▶ _EXERCISE GOAL_:
Every line of the listing below is to be repeated exactly; the pictures stay out.
[[ GIVEN MATERIAL, beginning ]]
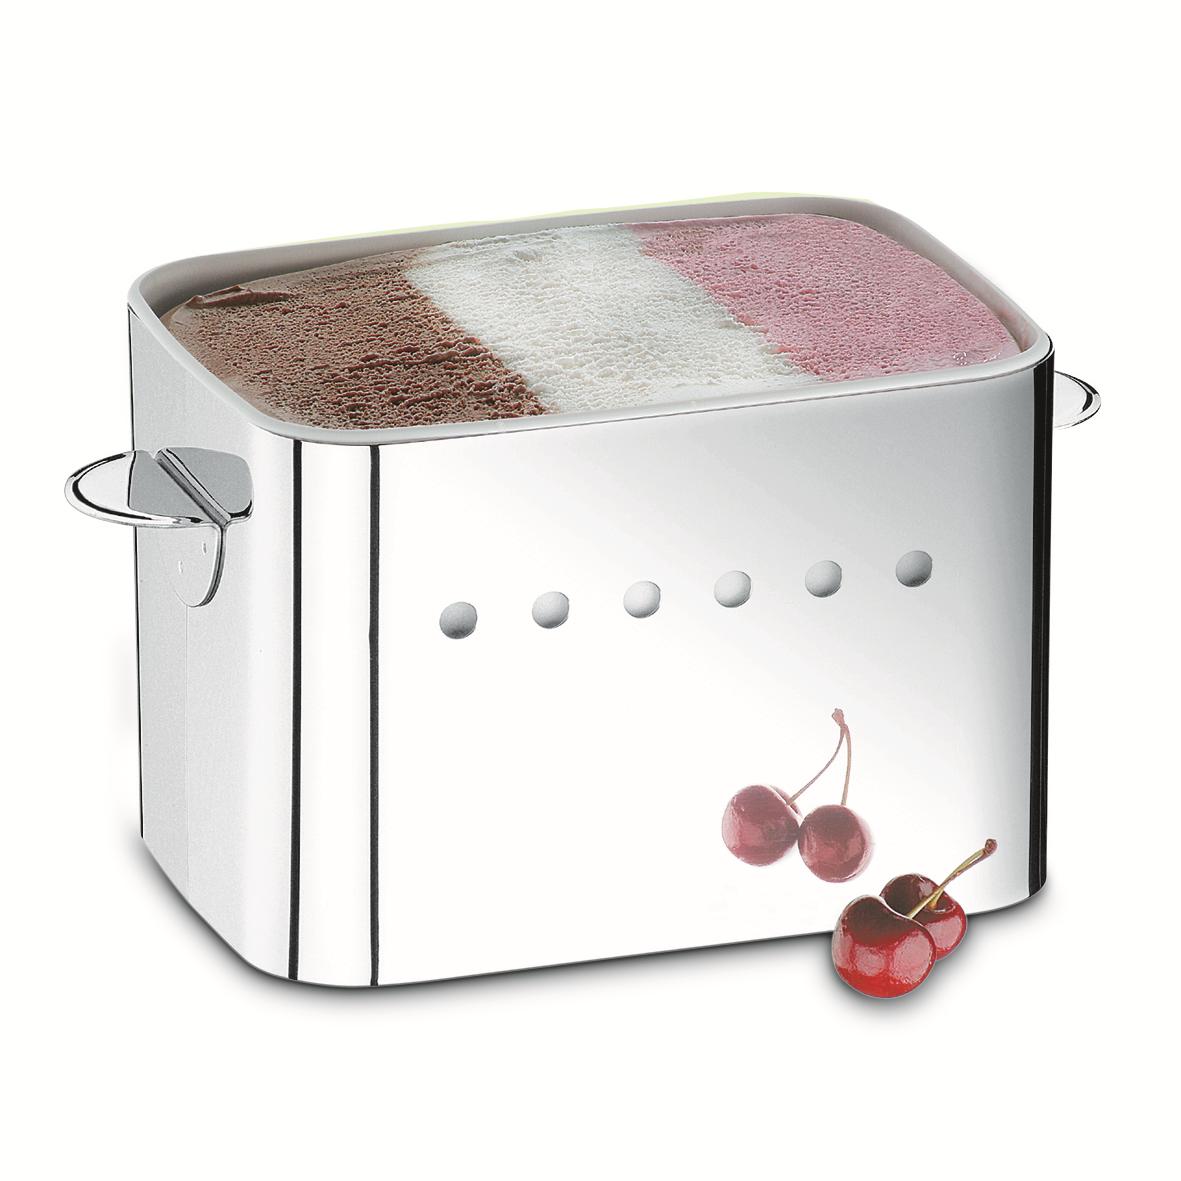 Suporte sorvete inox para pote 20L 1568100 Linha Parma - BRINOX
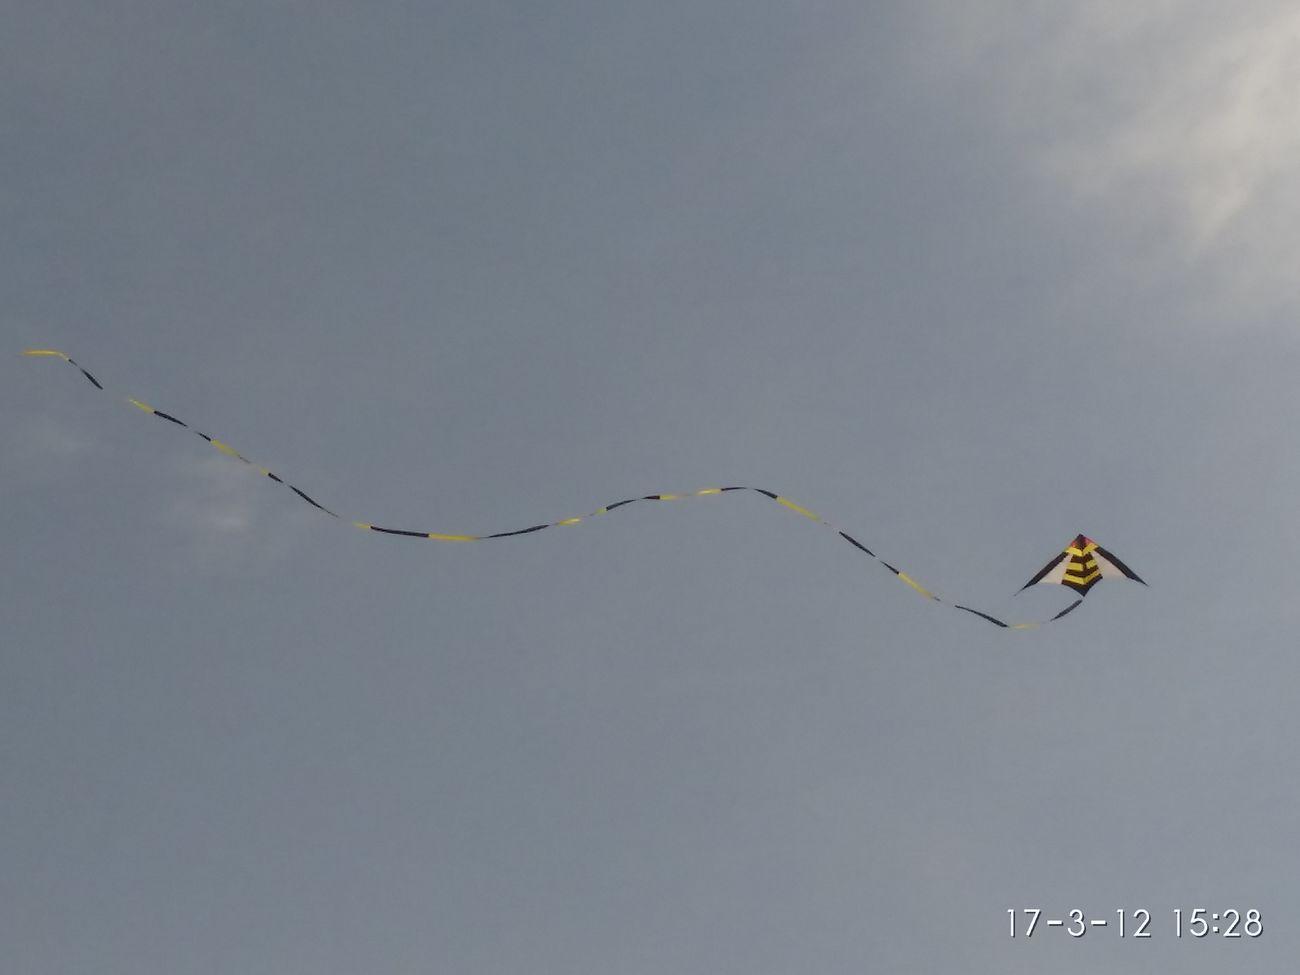 忙趁东风放纸鸢 Flying A Kite
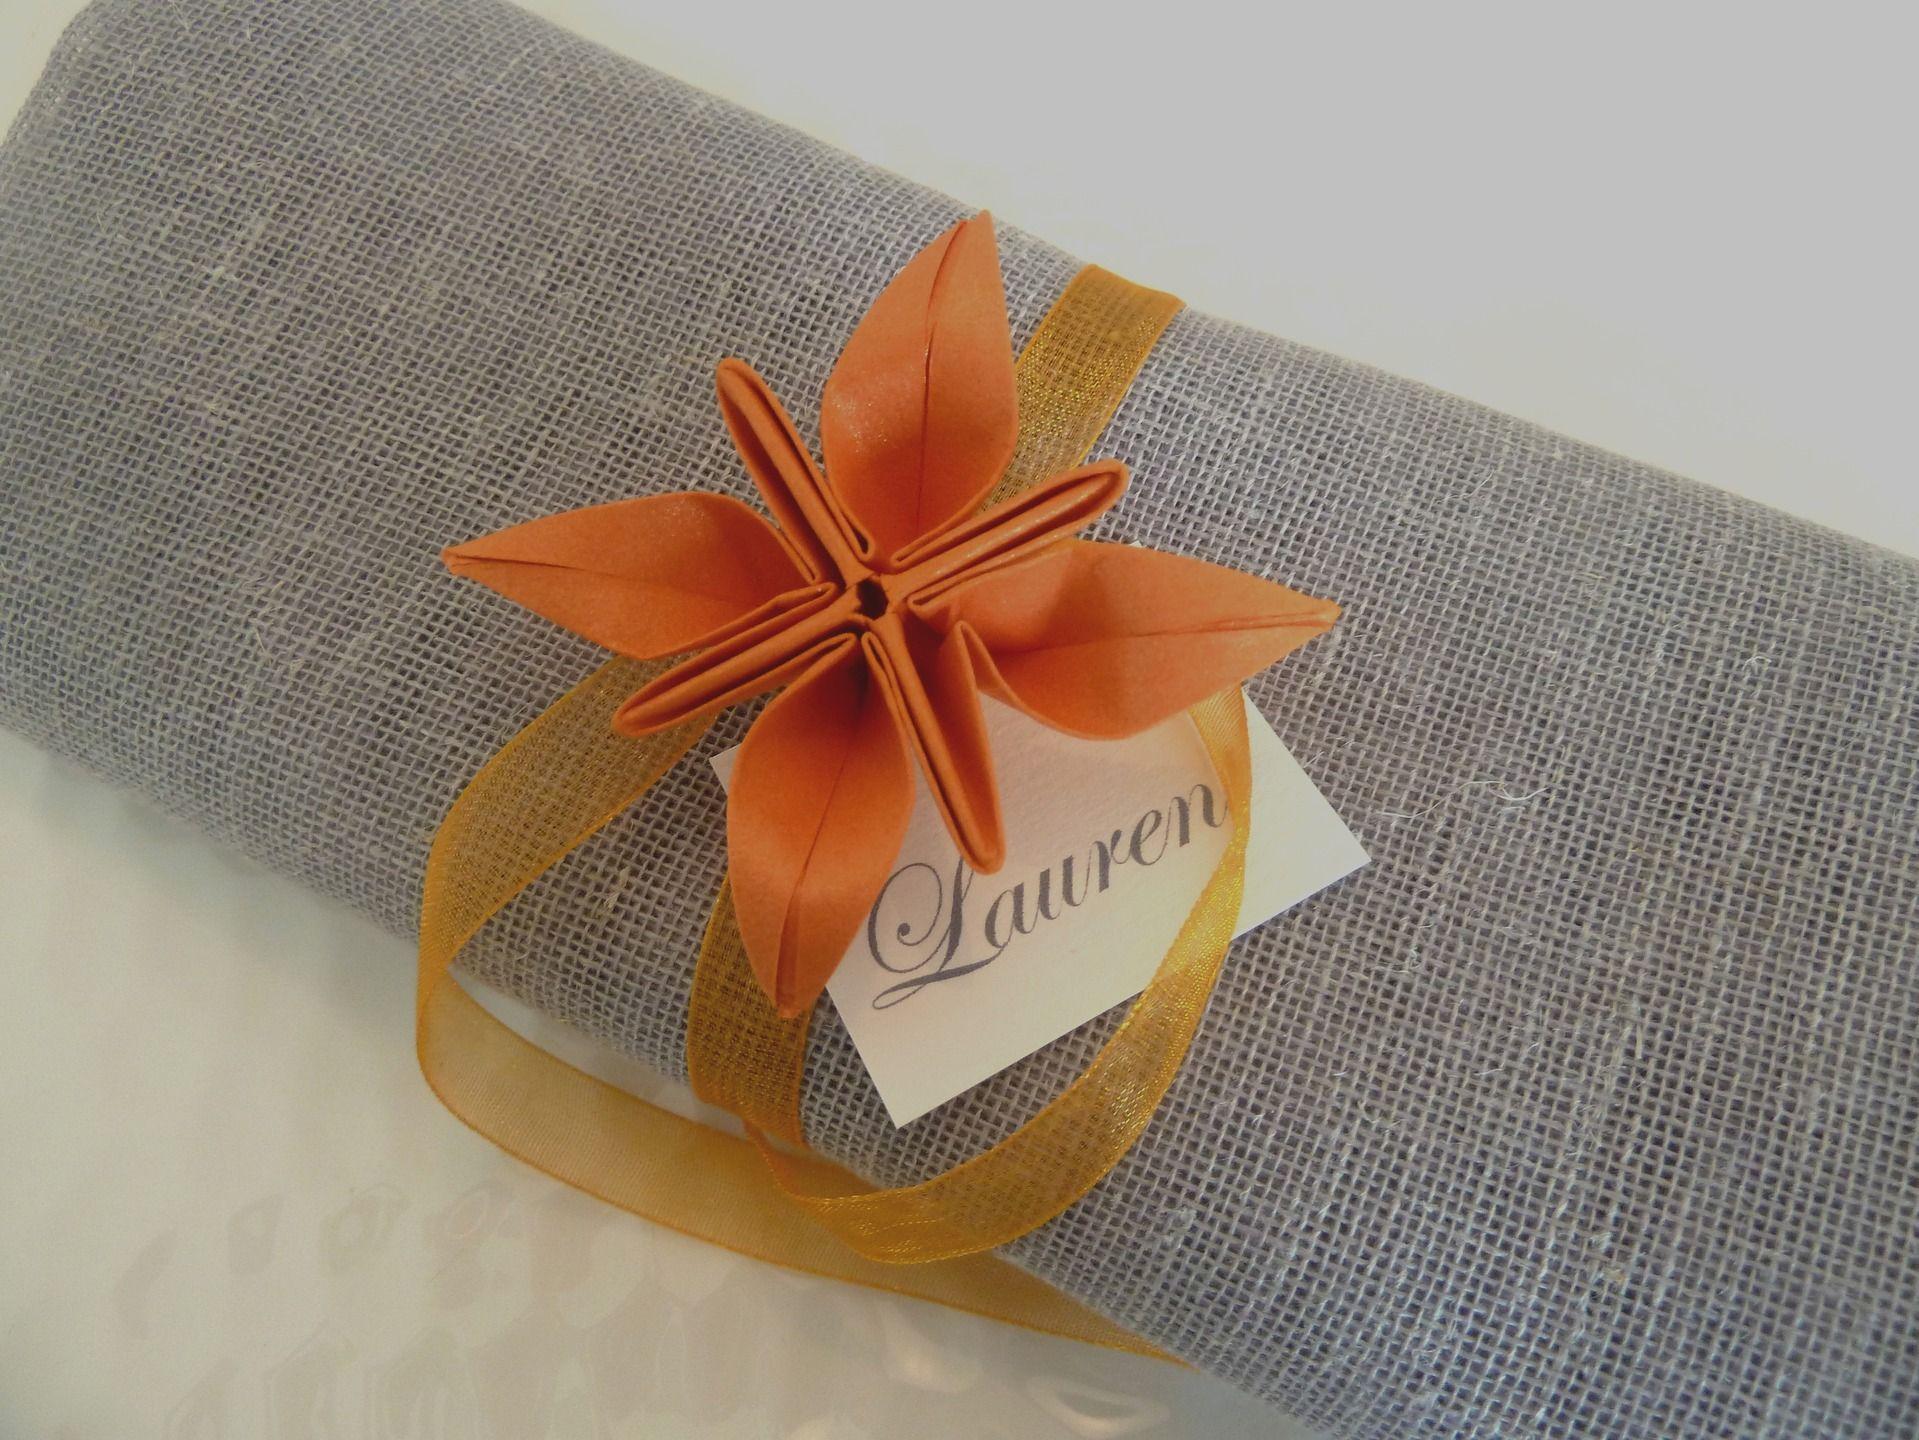 rond de serviette marques place pour mariage en origami fleur orange en papie d coration de. Black Bedroom Furniture Sets. Home Design Ideas
[[ GIVEN MATERIAL, end ]]
▶ _FINISHED TASK_:
 Suporte sorvete inox para pote 20L 1568100 Linha Parma - BRINOX
 忙趁东风放纸鸢 Flying A Kite
 rond de serviette marques place pour mariage en origami fleur orange en papie d coration de. Black Bedroom Furniture Sets. Home Design Ideas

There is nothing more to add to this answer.